I have this website that I want to get the element "datePublished", but this information is inside a Json. Is there anyway to get this information through BeautifulSoup?
This is the section of html I'm talking about:
<script type="application/ld json">{ "@context": "http://schema.org", "@type": "NewsArticle", "mainEntityOfPage": "http://cdn.ampproject.org/article-metadata.html", "headline": "Startup Ebanx demite 340 e amplia 'crise dos unicórnios'", "datePublished": "2022-06-21T14:31:57-03:00", "dateModified": "2022-06-21T18:44:45-03:00", "description": "Empresa de Curitiba cortou 20% do quadro de funcionários diante de mudanças no cenário macroeconômico", "author": { "@type": "Person", "name": "Guilherme Guerra" }, "image": { "@type": "ImageObject", "url": [ "https://img.estadao.com.br/fotos/crop/1200x1200/resources/jpg/6/4/1655828329546.jpg", "https://img.estadao.com.br/fotos/crop/1200x900/resources/jpg/6/4/1655828329546.jpg", "https://img.estadao.com.br/fotos/crop/1200x675/resources/jpg/6/4/1655828329546.jpg" ]}, "publisher": { "@type": "NewsMediaOrganization", "name": "Estadão", "foundingDate" : "1875-01-05", "ethicsPolicy" : "https://www.estadao.com.br/codigo-etica/codigo-de-etica.pdf", "missionCoveragePrioritiesPolicy" : "https://www.estadao.com.br/codigo-etica/codigo-de-etica.pdf", "diversityPolicy" : "https://www.estadao.com.br/codigo-etica/codigo-de-etica.pdf", "correctionsPolicy" : "https://www.estadao.com.br/codigo-etica/codigo-de-etica.pdf", "verificationFactCheckingPolicy" : "https://www.estadao.com.br/codigo-etica/codigo-de-etica.pdf", "unnamedSourcesPolicy" : "https://www.estadao.com.br/codigo-etica/codigo-de-etica.pdf", "sameAs":["https://twitter.com/estadao","https://www.facebook.com/estadao/","https://www.instagram.com/estadao/","https://www.youtube.com/channel/UCrtOL8bJsh-csozGS2aV77Q", "https://plus.google.com/ Estadão"], "logo": { "@type": "ImageObject", "url": "https://statics.estadao.com.br/s2016/portal/logos/logo-estadao-272x59.png", "width": 272, "height": 59 } }, "isAccessibleForFree":"False","hasPart":{"@type":"WebPageElement","isAccessibleForFree":"False","cssSelector":".pw-container"},"isPartOf":{"@type":["CreativeWork","Product"],"name":"Estad\u00e3o","productID":"estadao.com.br:dig_basic"}}</script>
This is a working code to get to that information:
import requests
from bs4 import BeautifulSoup
link = "https://link.estadao.com.br/noticias/inovacao,startup-ebanx-demite-340-e-amplia-crise-dos-unicornios,70004097585"

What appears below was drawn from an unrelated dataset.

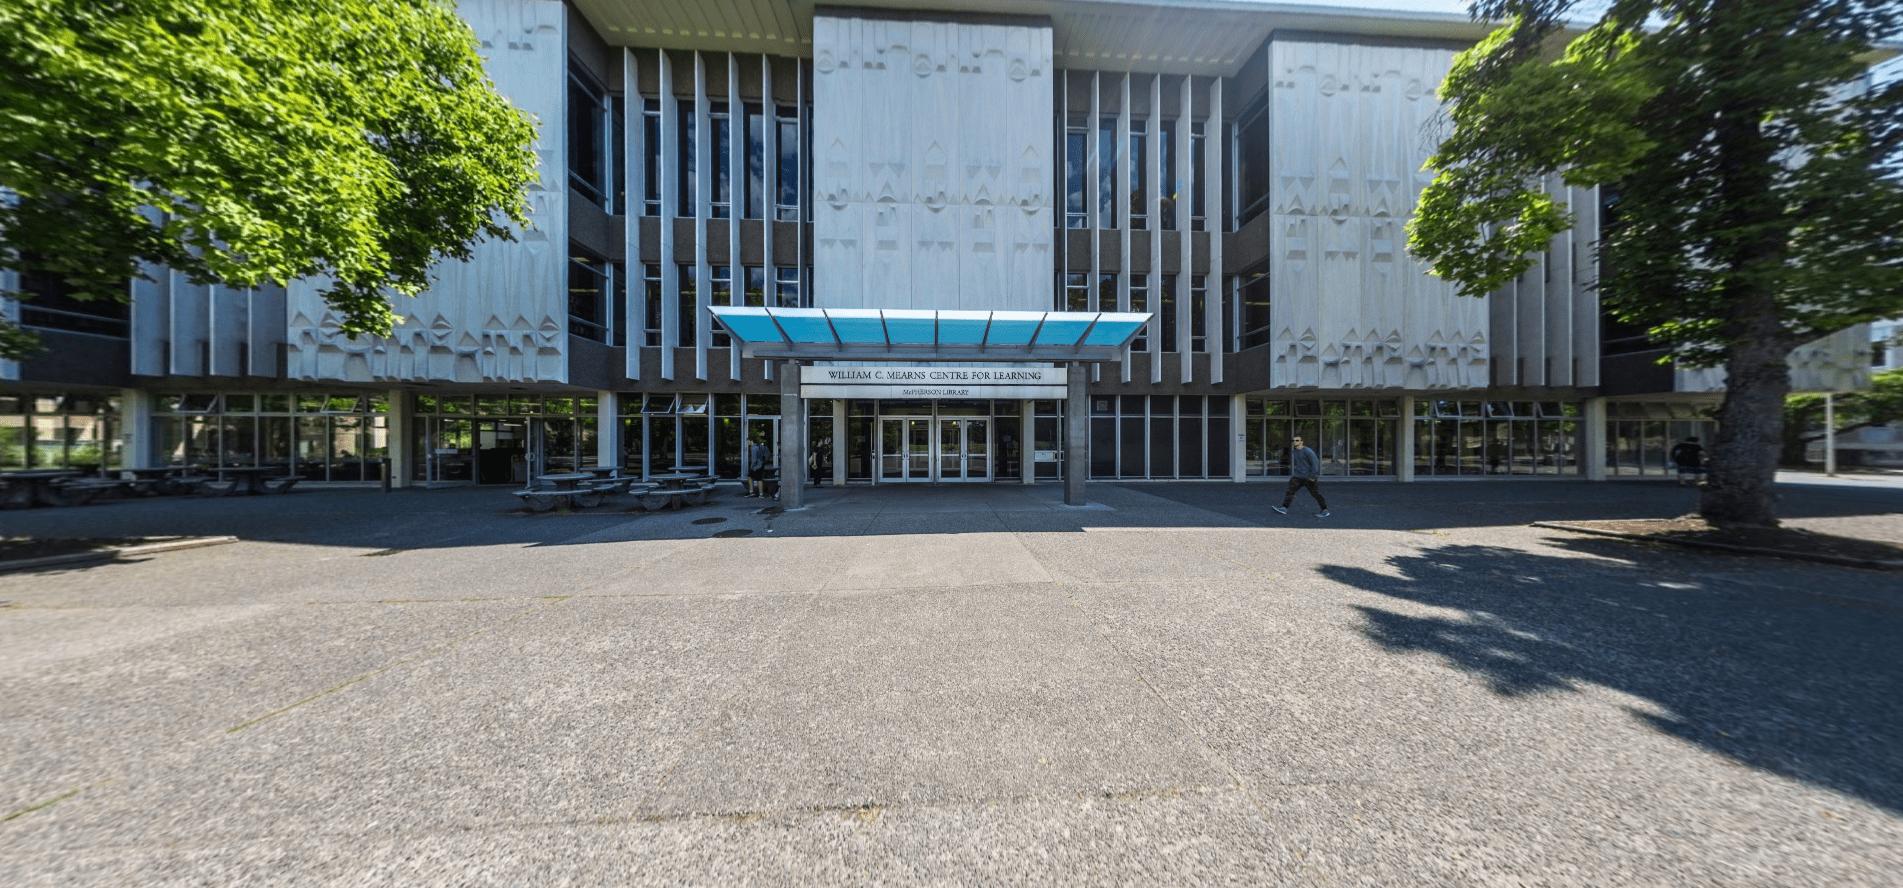 Đại học Victoria Canada được đánh giá là ngôi trường chất lượng nhất ở Canada
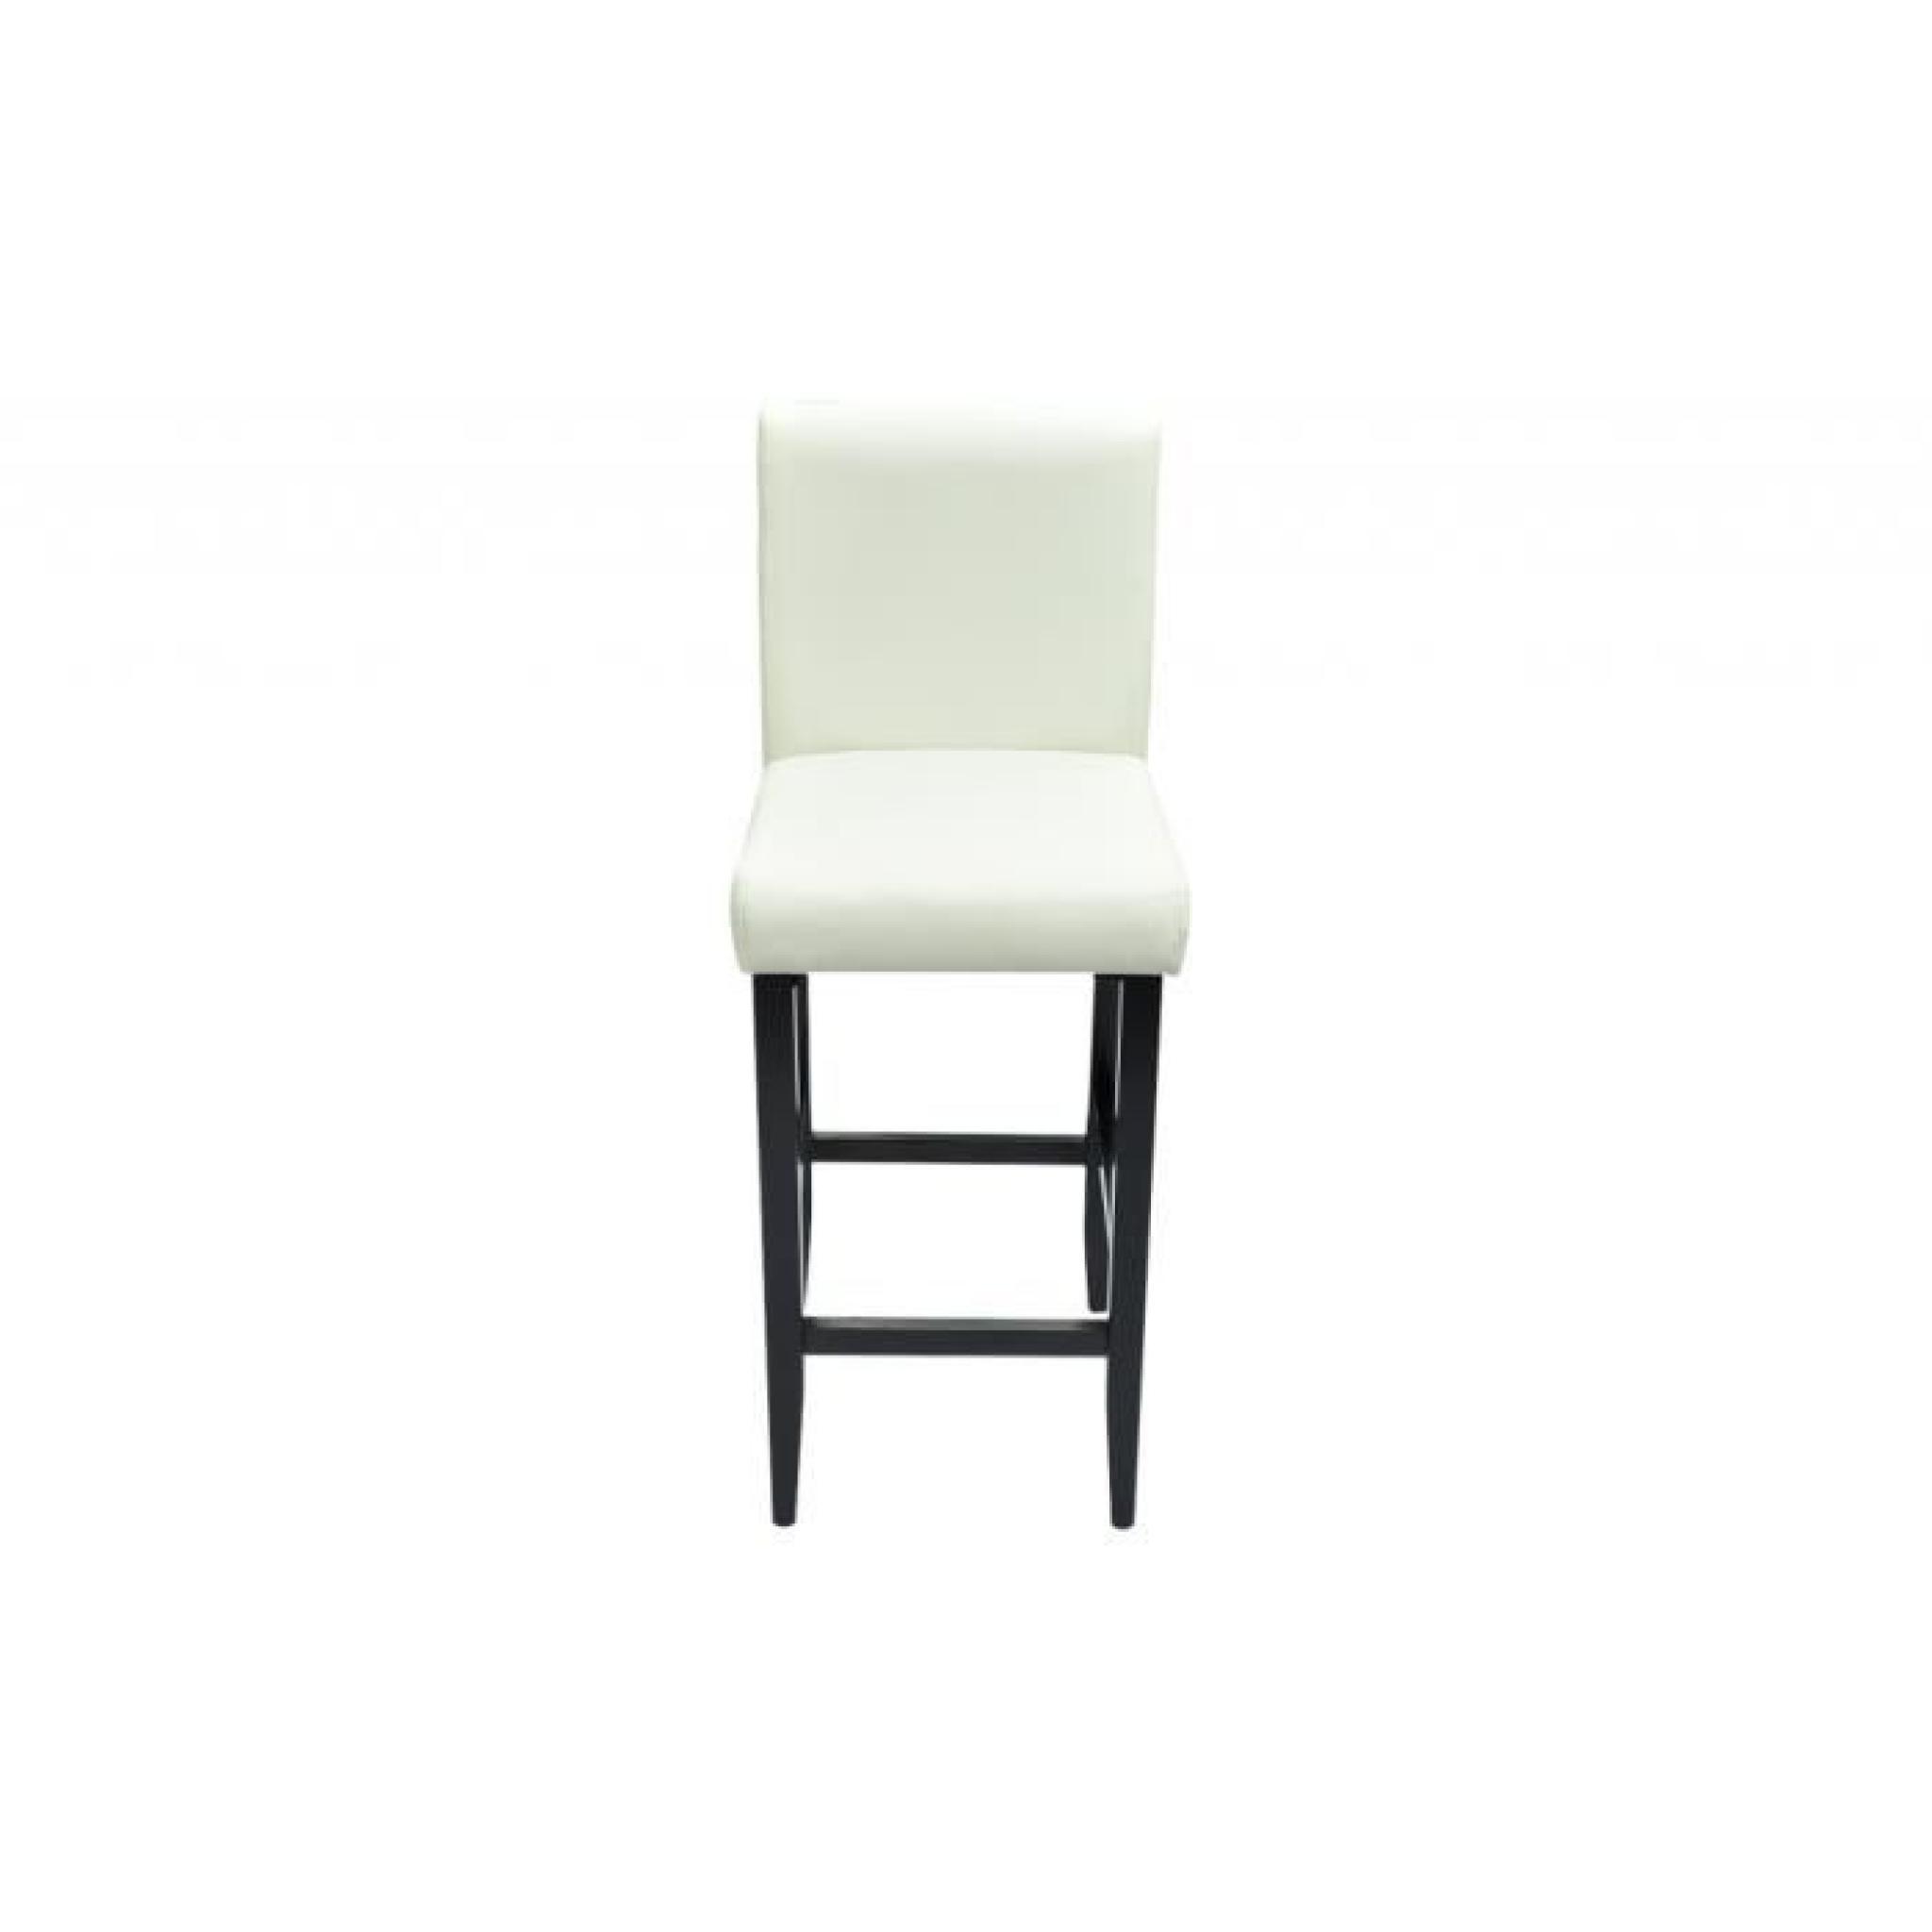 lot de 4 tabourets de bar chicago blanc achat vente tabouret de bar pas cher couleur et. Black Bedroom Furniture Sets. Home Design Ideas

soup = BeautifulSoup(requests.get(link).text, 'html.parser')
url = soup.find("script", type="application/ld json")
url
CodePudding user response:
Try this:
import json
import requests
from bs4 import BeautifulSoup
link = "https://link.estadao.com.br/noticias/inovacao,startup-ebanx-demite-340-e-amplia-crise-dos-unicornios,70004097585"
soup = (
BeautifulSoup(requests.get(link).text, 'html.parser')
.find("script", type="application/ld json").string
)
print(json.loads(soup)["datePublished"])
Output:
2022-06-21T14:31:57-03:00